» **About this task**
Practice item. Set the material below down again exactly, with no pictures.

» **Available data**

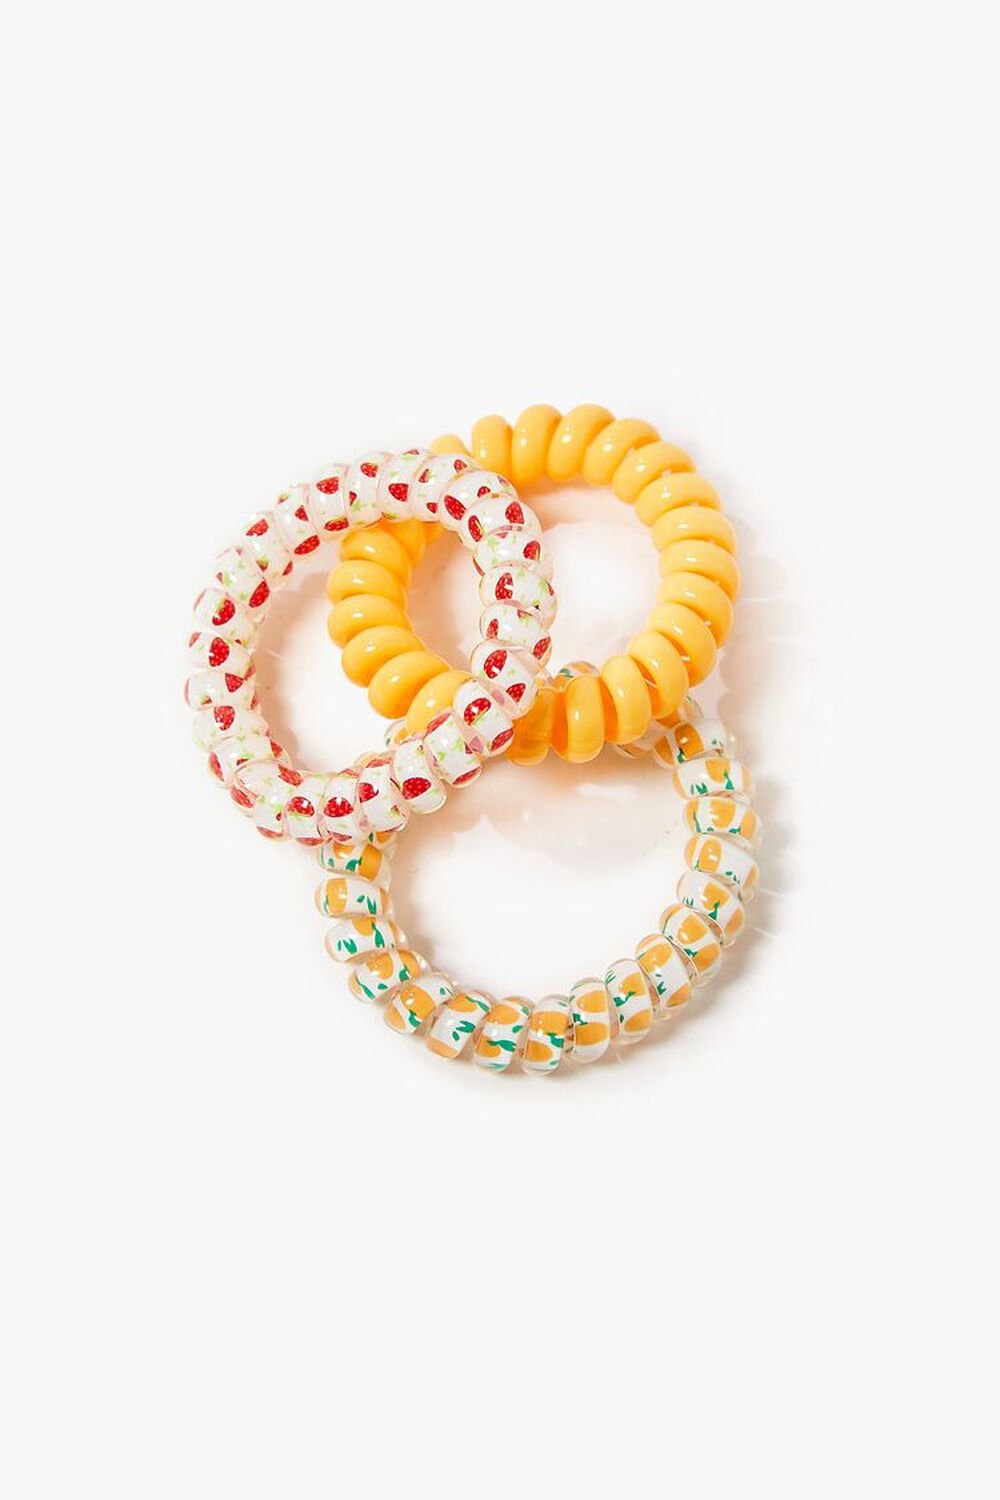 ORANGE/MULTI Strawberry Print Spiral Hair Tie Set, image 1
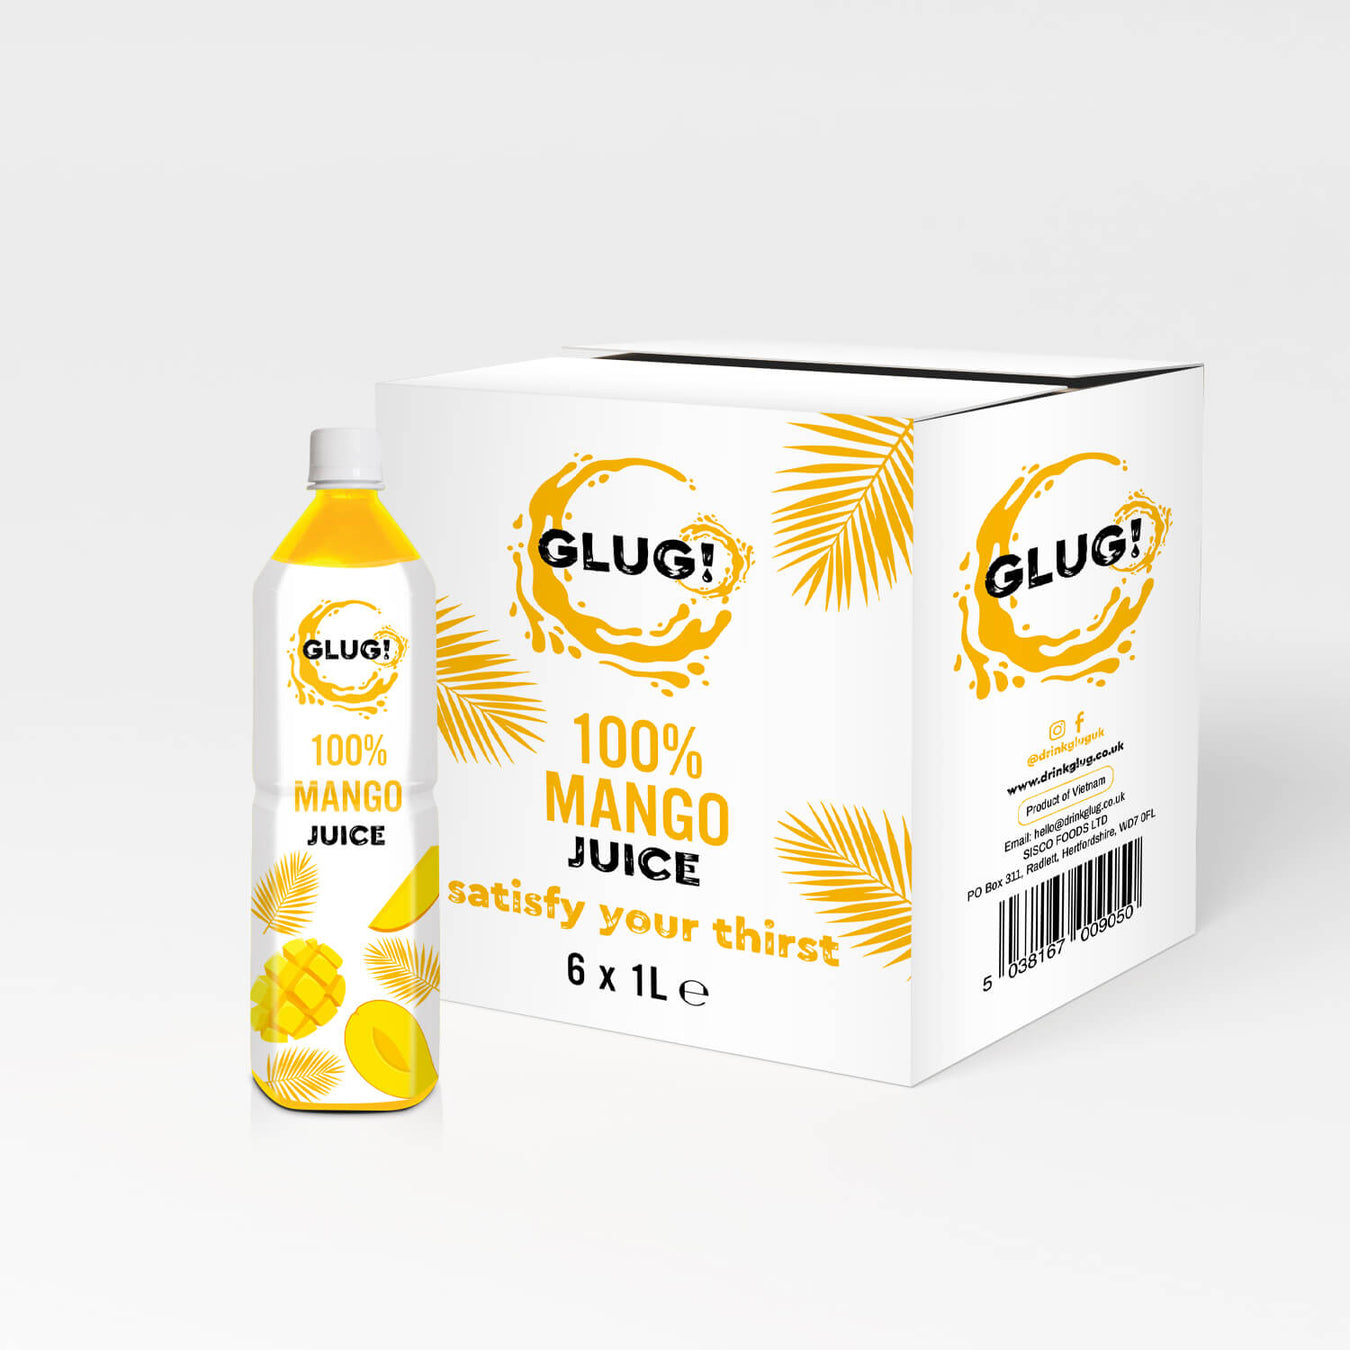 Glug! 100% Mango Juice 6 x 1L
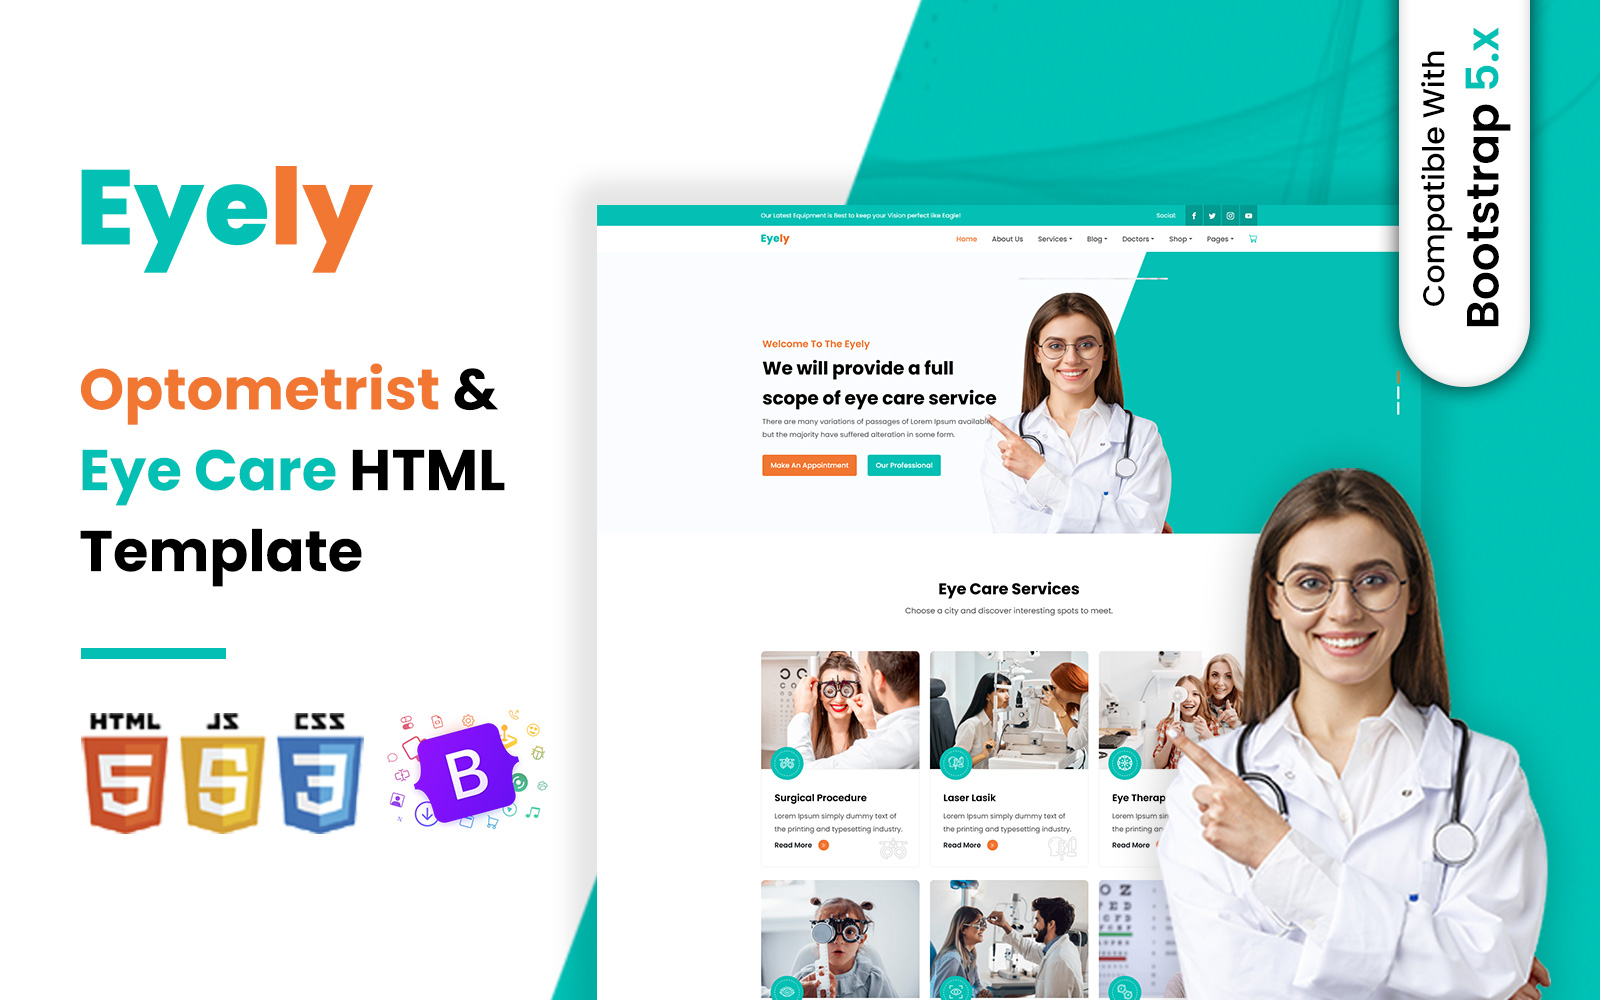 Eyely | Optometrist & Eyecare HTML Template

» **Output for this exercise**
 ORANGE/MULTI Strawberry Print Spiral Hair Tie Set, image 1
 Glug! 100% Mango Juice 6 x 1L
 Eyely | Optometrist & Eyecare HTML Template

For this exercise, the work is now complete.